And Cannon? He makes no serious effort to answer the criticism. He weaves and bobs around a bit, but in the end he starts whining and running to hide behind Trotsky’s skirts. “It wasn’t I who said it, it was Trotsky.” Let us suppose that Trotsky did say what Cannon writes, although that is not quite the case. That would be beside the point. Our dispute is not over what Trotsky said, but over what Lenin said, what his views were. And in this particular instance, I consider it preferable to conduct the discussion by referring to Lenin’s own words than to have Cannon cut off the discussion by referring to what Trotsky is supposed to have said and meant about Lenin.

Finally, I have never considered it a mark of distinction or a special virtue to go around “disagreeing” with Trotsky, or Lenin, or Marx. At the same time, in my twelve years in the Trotskyist movement, I always voiced my opinion when I believed that I had grounds for a serious disagreement with Trotsky, and I argued for my views until one or another of us was convinced otherwise. The organizational separation that occurred last year was not of our choosing and was not consummated without regret. But whatever views we held we stated openly, and whatever steps we took we prepared and took openly. I never went about secretly, among a few close chums, laying the basis for an organizational split with Trotsky over some difference or grievance, real or alleged. As Cannon knows, he cannot say the same.

Trade-Union Control—Of What Army?
In Trotsky’s fragmentary notes referred to above, he points out that Lenin’s concept of “Turn the imperialist war into a civil war” was “the basis for propaganda and for training the cadres but it could not win the masses who did not want a foreign conqueror.” The Russian masses were won to the revolution by such simple slogans as “Land, Bread, Peace, All Power to the Soviets.” We tried in vain to explain this to Cannon during the last discussion in the S.W.P.

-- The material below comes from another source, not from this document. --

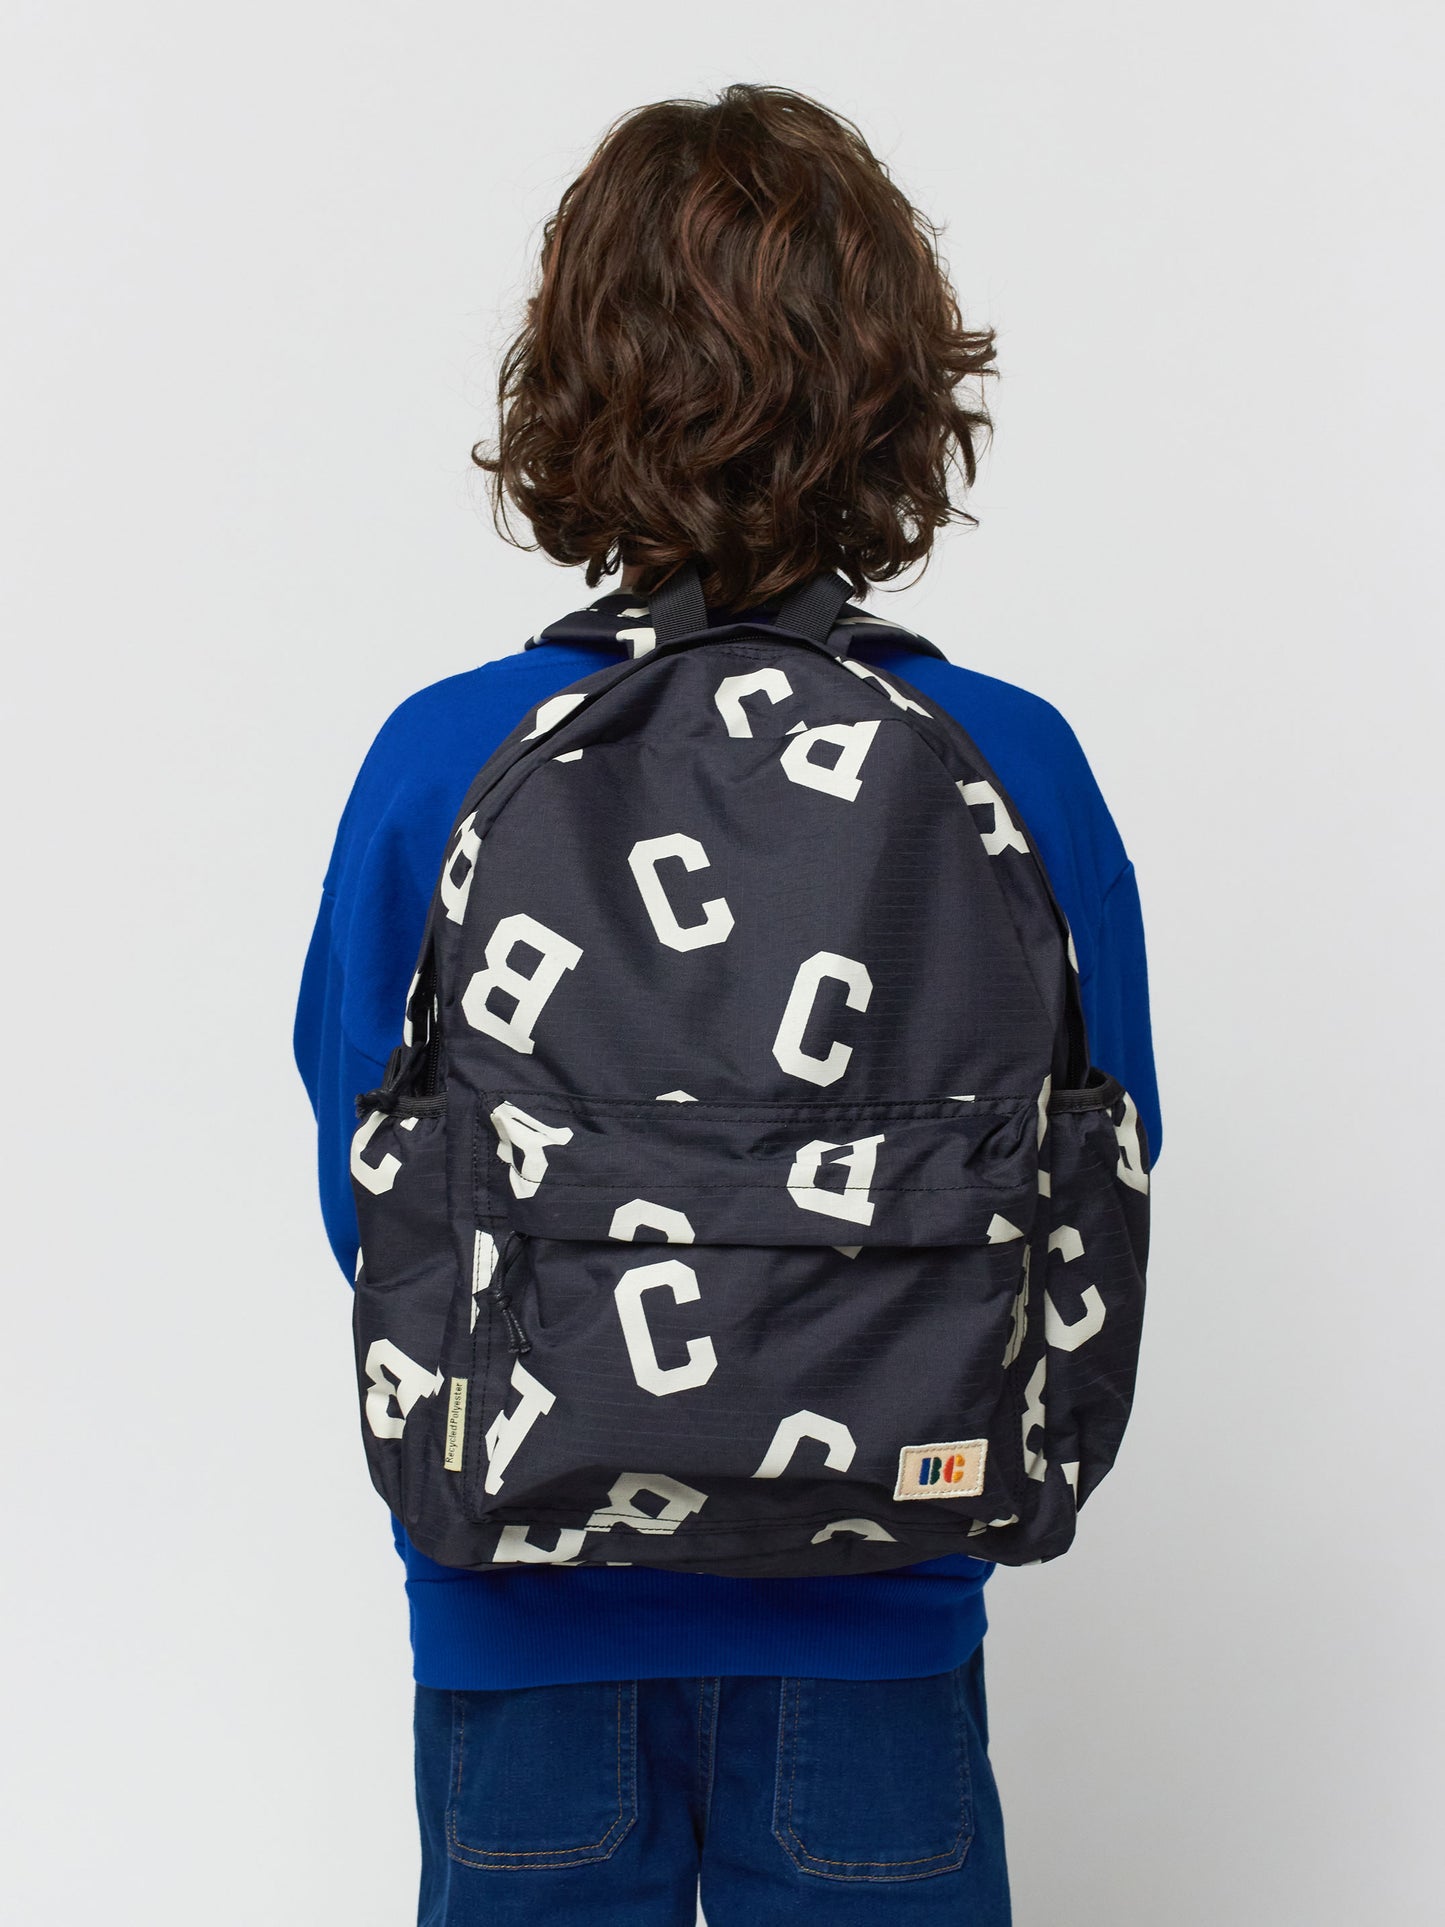 BC Grey backpack

The transitional program of the Fourth International adopted three years ago, while animated through and through with revolutionary internationalism, at the same time took into account the progressive, or potentially progressive, antifascist patriotism of the masses. At present, this sentiment is hideously exploited by the ruling classes for the most reactionary objectives. It is necessary, we said, to utilize this sentiment of the masses, their hatred and fear of fascism, for working-class objectives. Given the world social crisis and the imminence of the second world war, knowing from old times the futility and worse of pacifist opposition to militarism and war, we raised the slogan of Workers’ Defense Guards and a People’s Army. In effect, we said to the workers: You want to fight fascism, to preserve your rights and labor institutions? Good, so do we. We even want to go further, and extend those rights, make them more genuine and durable. Only, we warn you that under the leadership of the bourgeoisie, and in the course of the war that it will carry on in the democracies against Germany, we will merely end up under a totalitarian régime in our own country. Organize armed and trained forces of your own, under your own leadership and control, and then you will not only be able to meet the threat of fascism at home and abroad, but you will be assured that in the course of the fight imperialist interests will not be served and all democratic rights destroyed.

These ideas, and the slogans represented by them, were and remain entirely correct and we, for our part, continue to put forward and defend them.

The new policy of the Cannonites, however, is something else again. First, with the adoption of the new policy, they dropped entirely the fight against bourgeois militarism represented concretely by the drive to impose conscription upon the American people. Not only dropped the fight, but by their repeated nonsense in the Socialist Appeal about how the workers were overwhelmingly in favor of conscription, by their ridicule of any opposition to conscription as “poisonous” and “sinister” and “petty-bourgeois pacifism,” they sabotaged any fight against it, introducing, at best, only confusion among the radical workers. On the score of this indictment I made of the Cannonite policy, Cannon, who is to answer “point by point”, is utterly silent.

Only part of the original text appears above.